Выдавали одну миску на двоих, ложек не было вовсе, приходилось хлебать из миски через край или есть руками. И не просто есть, а мгновенно проглатывать: котел был один на несколько бараков, и в следующем уже выли от голода, пока в этом еще ели. Обед был ничего: брюква с перловкой, горох, свекла, суп из манки. После обеда — мыть посуду. С четырех до шести снова перекличка.

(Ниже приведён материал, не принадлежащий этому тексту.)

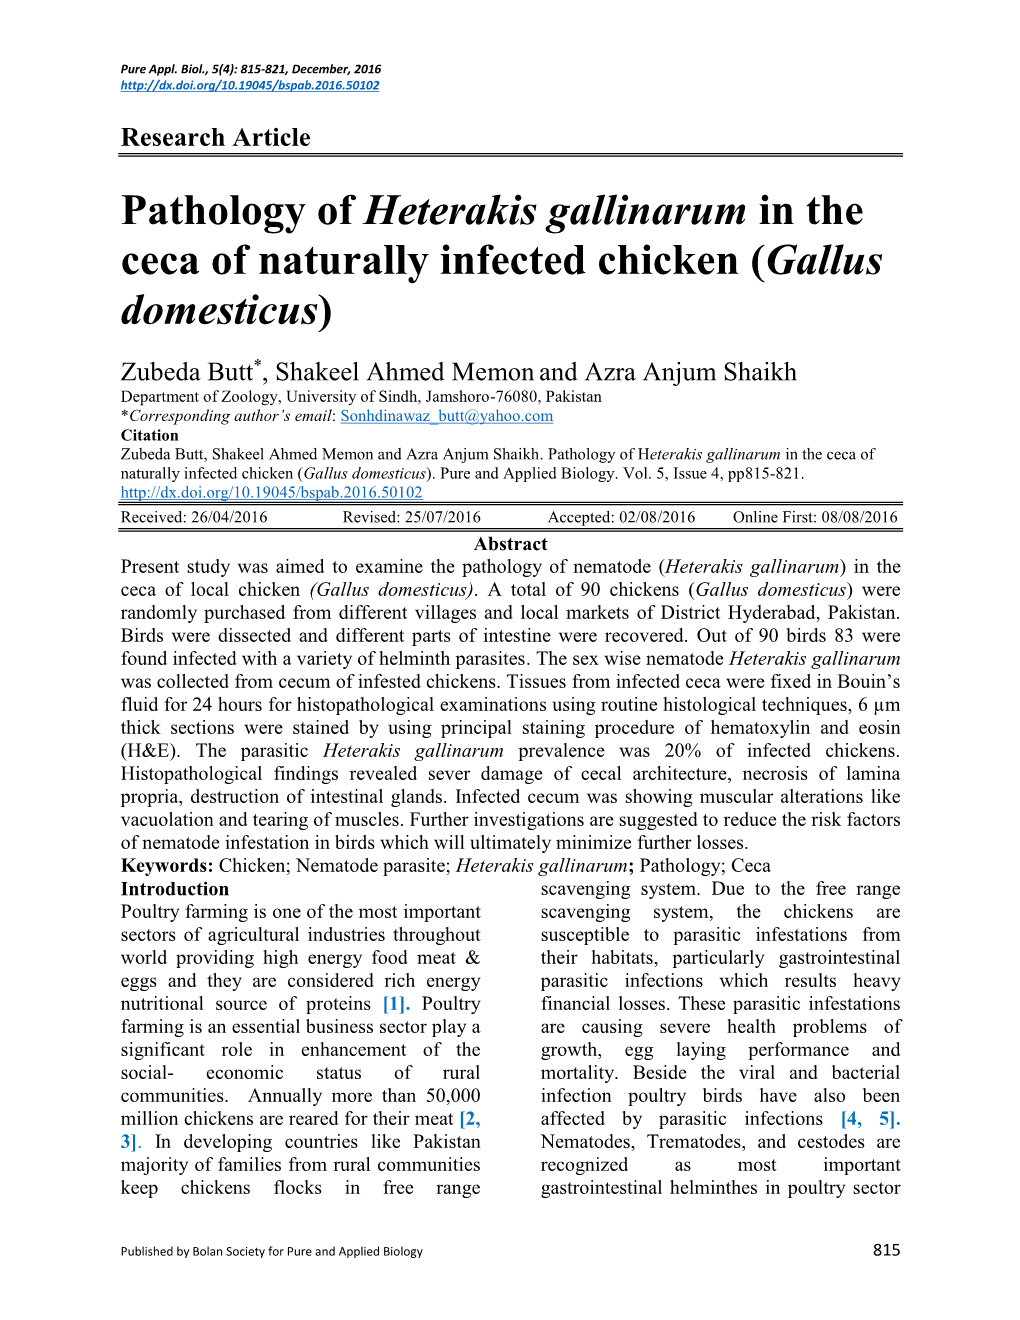 Pathology of Heterakis Gallinarum in the Ceca of Naturally Infected Chicken (Gallus Domesticus)

Пересчитывали заключенных старосты бараков в присутствии лагерного начальства. Если одна из женщин случайно неправильно называла свой номер, наказывали: могли на три часа поставить на колени на землю. На ужин — кусок хлеба и два грамма маргарина. Многие не доедали этот хлебный ломтик до конца, припасали на завтра, ведь больше хлеба не дадут весь день до следующего ужина. Прятать было некуда, приходилось всю ночь сжимать его в ладони и брать с собой всякий раз, когда выгоняли на улицу или в туалет.
По нужде выводил всех скопом: в отдельном бараке был устроен сортир — сотня дырок в дощатом полу. Одна присядет — полсотни ждут. А ночью — в ведро.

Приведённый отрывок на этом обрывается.